Duplicate Role (SSAS)

The Duplicate Role feature allows you to create a  copy of an existing SSAS role, along with all of it’s settings and permissions. Performing a regular copy and paste on a Role in SSAS will only copy the role membership, not all the permissions. The new feature will copy the role itself, and also copy the permissions associated with the original role. I’ve found this pretty useful over the past few months.

Biml Package Generator (SSIS)

The Biml Package Generator feature is one I’m pretty excited about, as it leverages some of the things I’ve been working on at Varigence over the past year. This feature enables you to use BI Markup Language (Biml) to generate SSIS packages. This is nice for a couple of reasons. First, Biml is a XML based language with a readable syntax, and for a lot of packages, I find it easier to just type the Biml to create the package, rather than using the designers. Second, the Biml compiler includes the ability to script the generation of Biml code, in a similar way to how you can use ASP.NET to script the production of HTML code. Using that, I can easily generate large numbers of packages very easily.

I’m starting a series of posts that will illustrate how to use the Biml functionality in BIDS Helper. This post will serve as an index page to locate these, and they will also be posted to the BIDS Helper documentation and the  Varigence blog.

Part 1: Creating a Basic Package Using Biml
Part 2: Creating Tables using Biml and BimlScript
Part 3: Copy Data Dynamically with BimlScript
Part 4: Controlling the Control Flow with Biml
Part 5: Defining the Data Flow in Biml


As always, if you have questions, let me know in the comments.

Creating a Basic Package Using Biml

This article is going to walk through the process of creating a simple package using Biml and the Biml Package Generator feature in BIDS Helper. To start out, you need to install the latest beta of BIDS Helper from CodePlex. Once that is set up, you should create a new Integration Services project in BIDS. In the project, right-click on the Project in the Solution Explorer. There’s a new item in this menu – Add New Biml File.

image

Clicking Add New Biml File will add a new file to the Miscellaneous folder in the solution named BimlScript.biml. (The name is automatically generated, so it may be BimlScript1.biml, etc). You can right-click on the file and choose rename to give the file a more specific name. For this example, rename the file “BasicPackage.biml”.
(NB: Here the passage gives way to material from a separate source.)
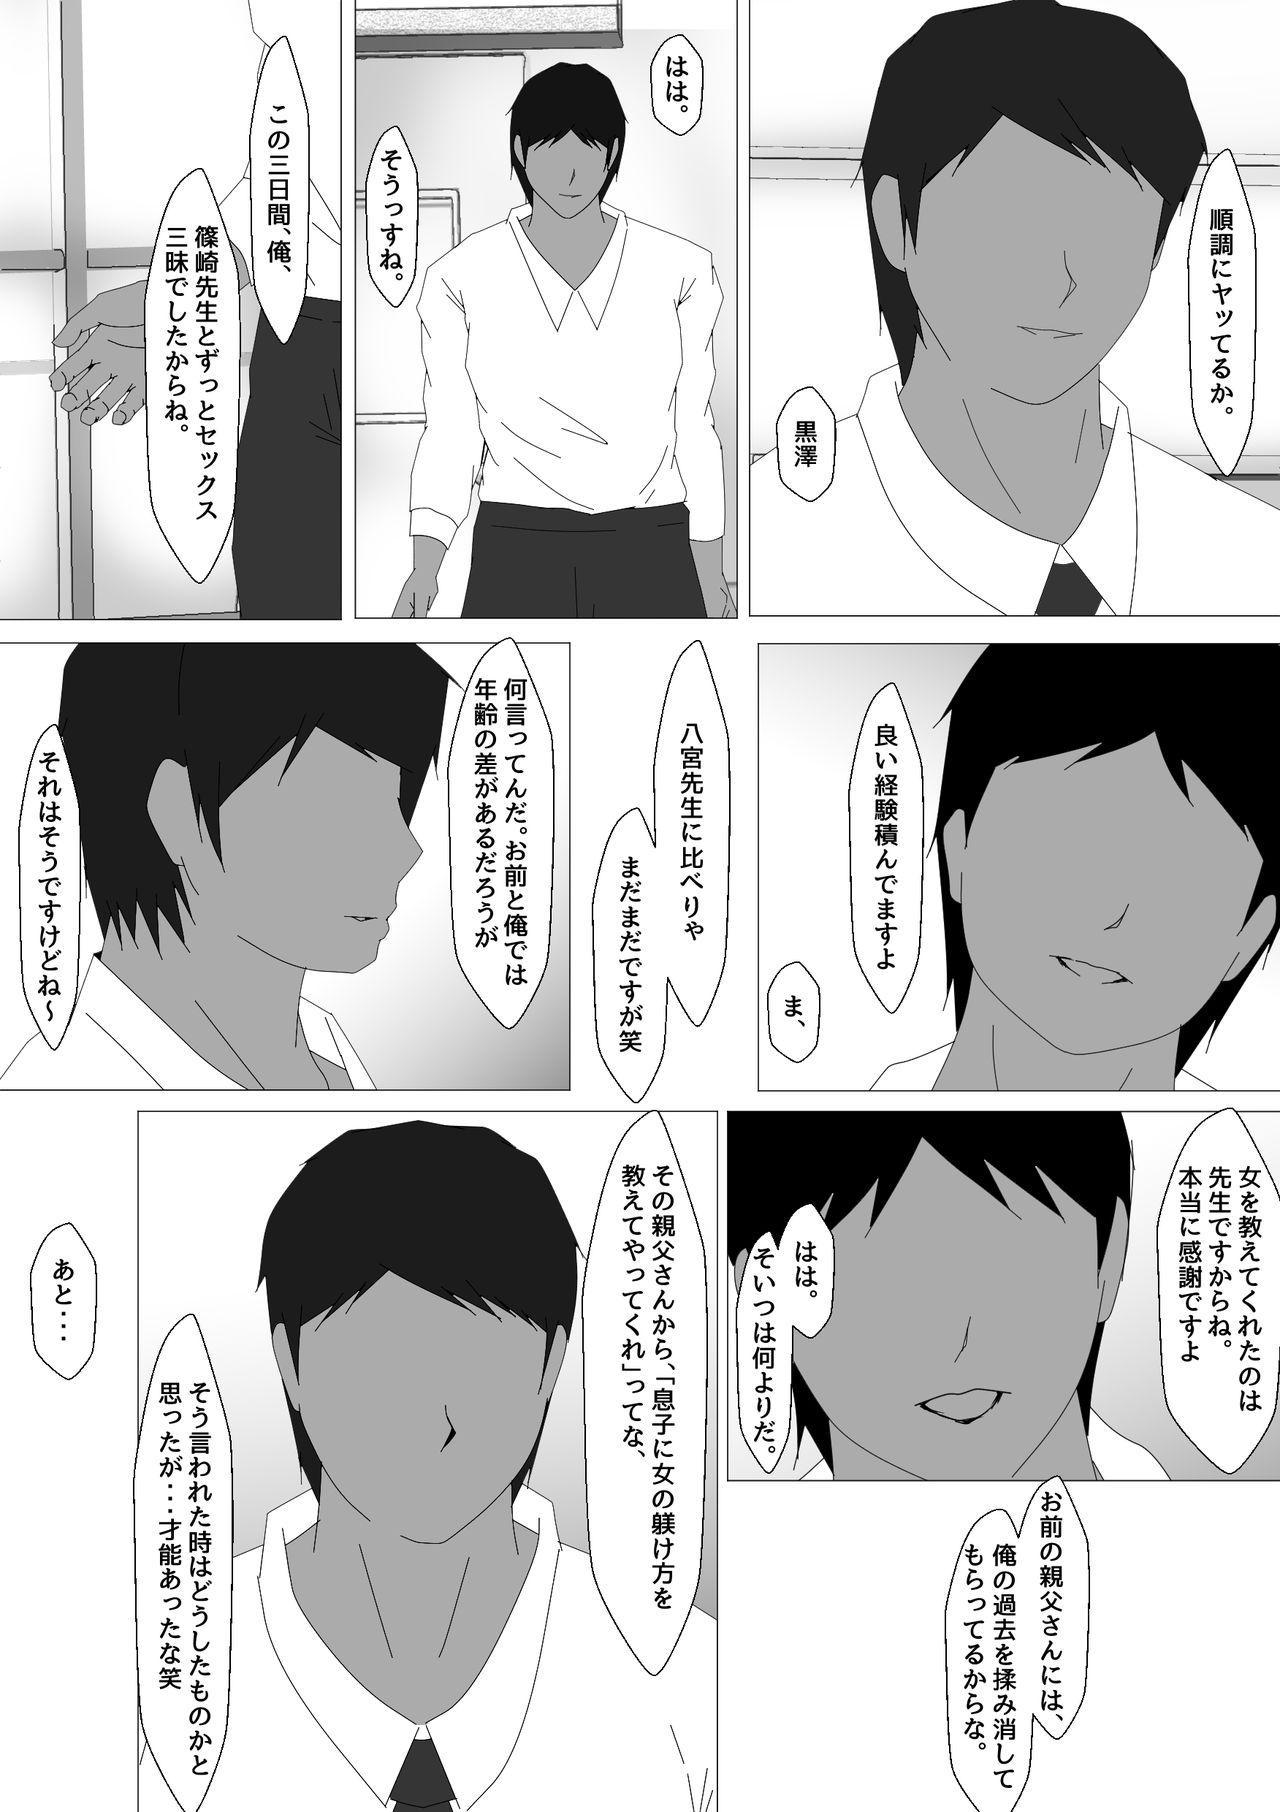 Onna Kyoushi Shinozaki Rin no Choukyou Kiroku 130
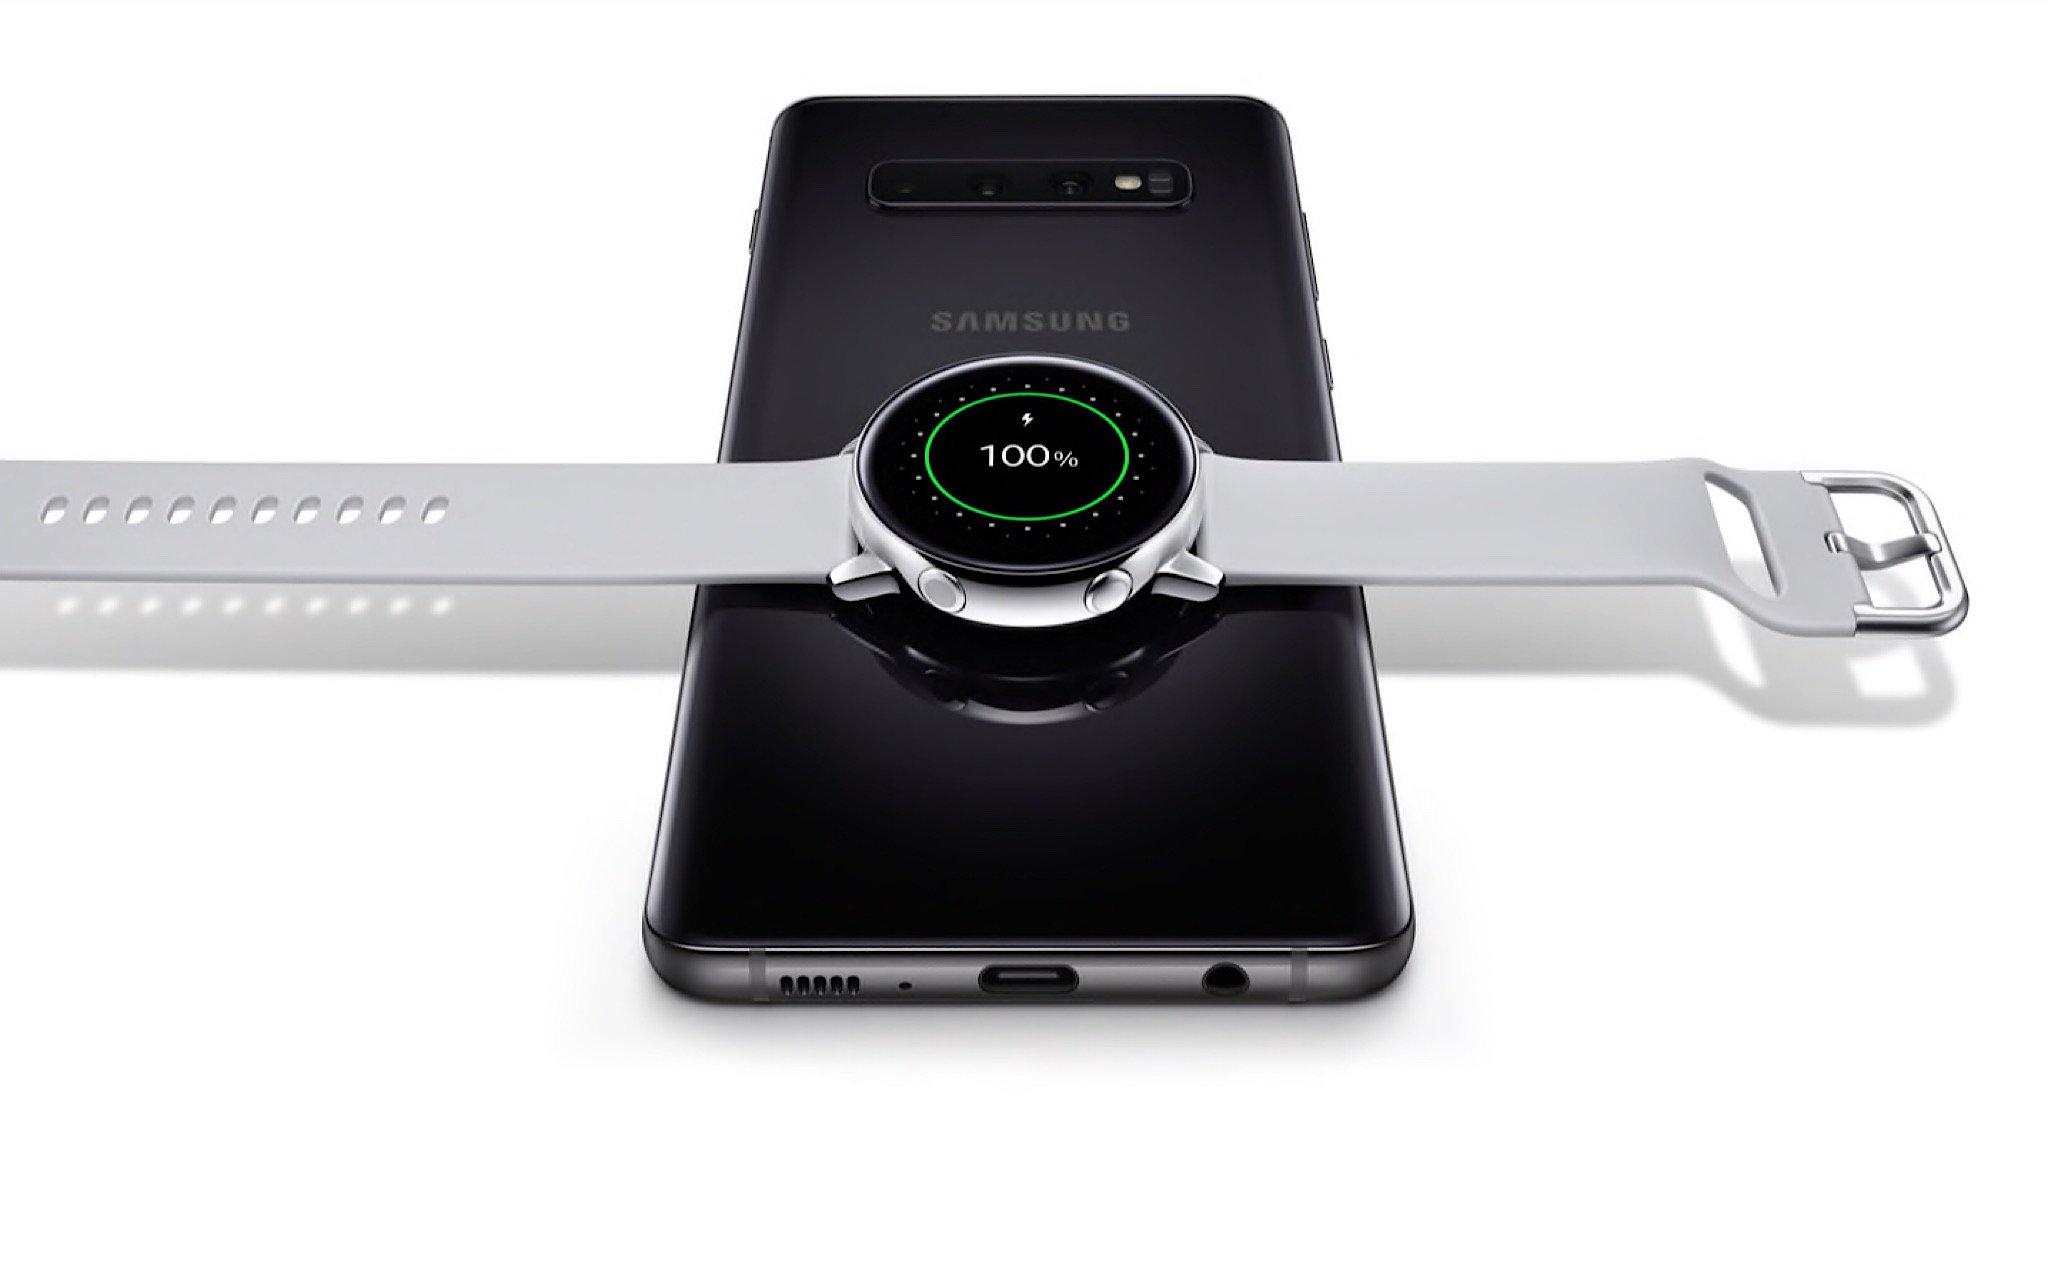 4573722_tinhte_samsung_galaxy_watch_active_vs_apple_watch_11.jpg

Double-clicking on the file will open the XML editor inside of BIDS. The editor supports Intellisense for Biml, so typing an opening tag (“<”) will give you a list of valid options for tags you can use. (If you aren’t seeing the Intellisense, please check this link for troubleshooting steps.)

image

For this example, copy and paste the following Biml into the document. Since the code below includes the document root tags (<Biml>), you’ll want to make sure you replace the entire contents of the Biml file.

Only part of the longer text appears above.